Data provided:
--- START ---

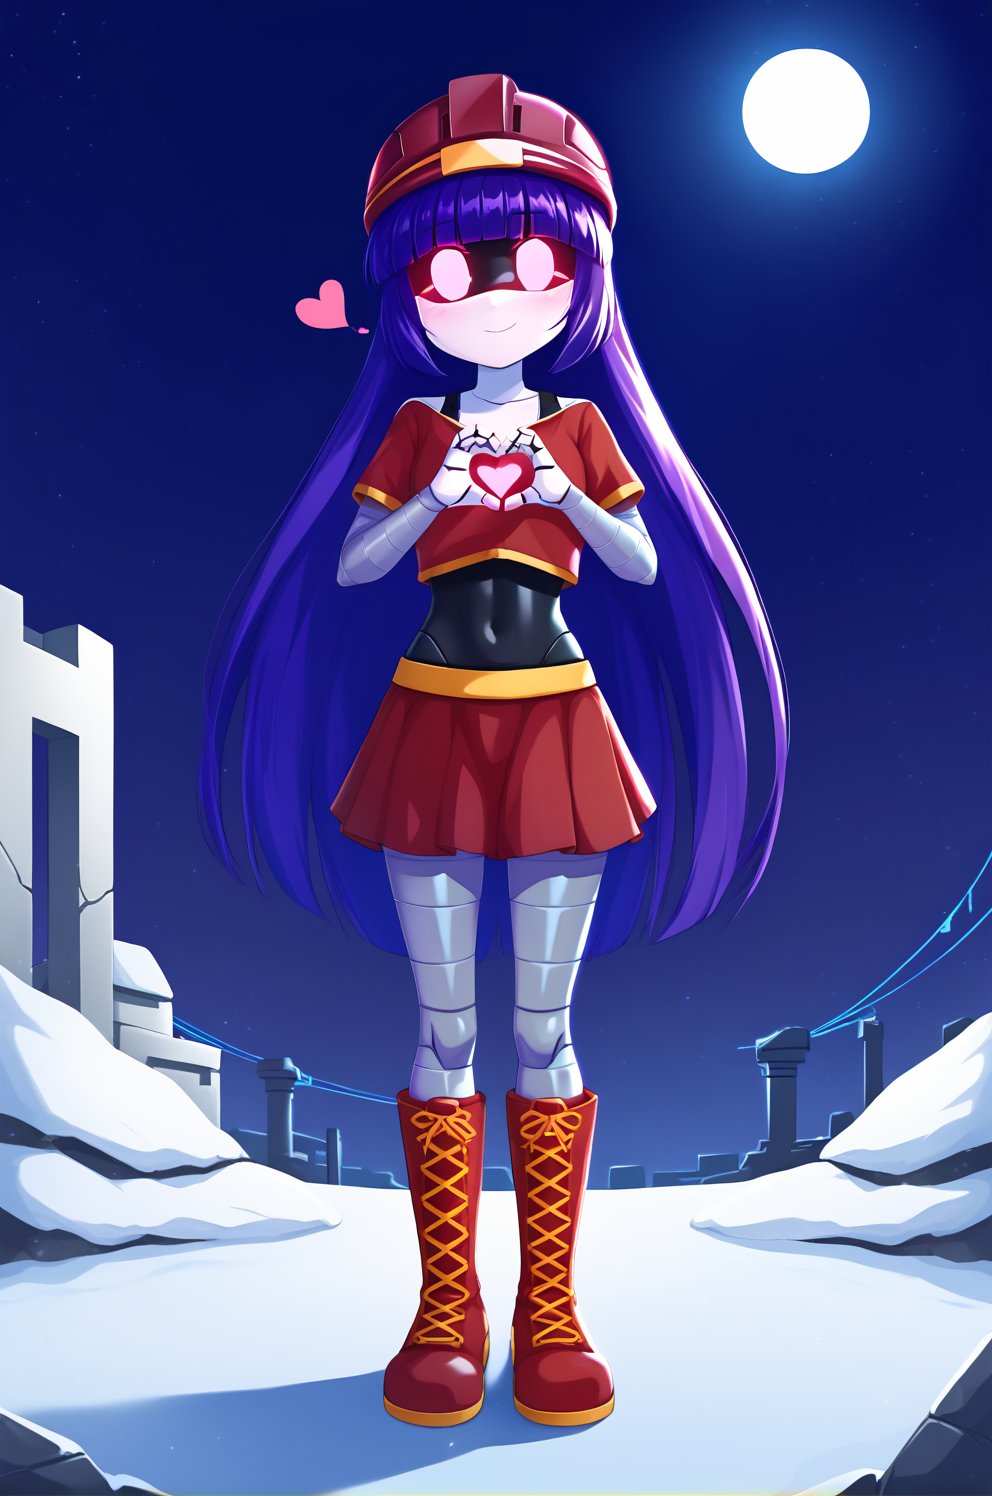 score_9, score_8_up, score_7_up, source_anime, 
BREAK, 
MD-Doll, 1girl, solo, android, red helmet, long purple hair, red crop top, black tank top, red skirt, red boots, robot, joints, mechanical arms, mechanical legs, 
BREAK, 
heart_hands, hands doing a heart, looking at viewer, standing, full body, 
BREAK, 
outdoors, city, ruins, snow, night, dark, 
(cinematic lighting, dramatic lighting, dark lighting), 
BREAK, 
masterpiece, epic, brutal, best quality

--- END ---
--- START ---

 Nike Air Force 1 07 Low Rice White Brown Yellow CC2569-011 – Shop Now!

--- END ---

Exercise goal:
In the records above, the line with "MD-Doll, 1girl, solo, android, red" marks the start and the line with "masterpiece, epic, brutal, best quality" marks the end; copy that stretch exactly, both lines included, and nothing else.

Written response:
MD-Doll, 1girl, solo, android, red helmet, long purple hair, red crop top, black tank top, red skirt, red boots, robot, joints, mechanical arms, mechanical legs, 
BREAK, 
heart_hands, hands doing a heart, looking at viewer, standing, full body, 
BREAK, 
outdoors, city, ruins, snow, night, dark, 
(cinematic lighting, dramatic lighting, dark lighting), 
BREAK, 
masterpiece, epic, brutal, best quality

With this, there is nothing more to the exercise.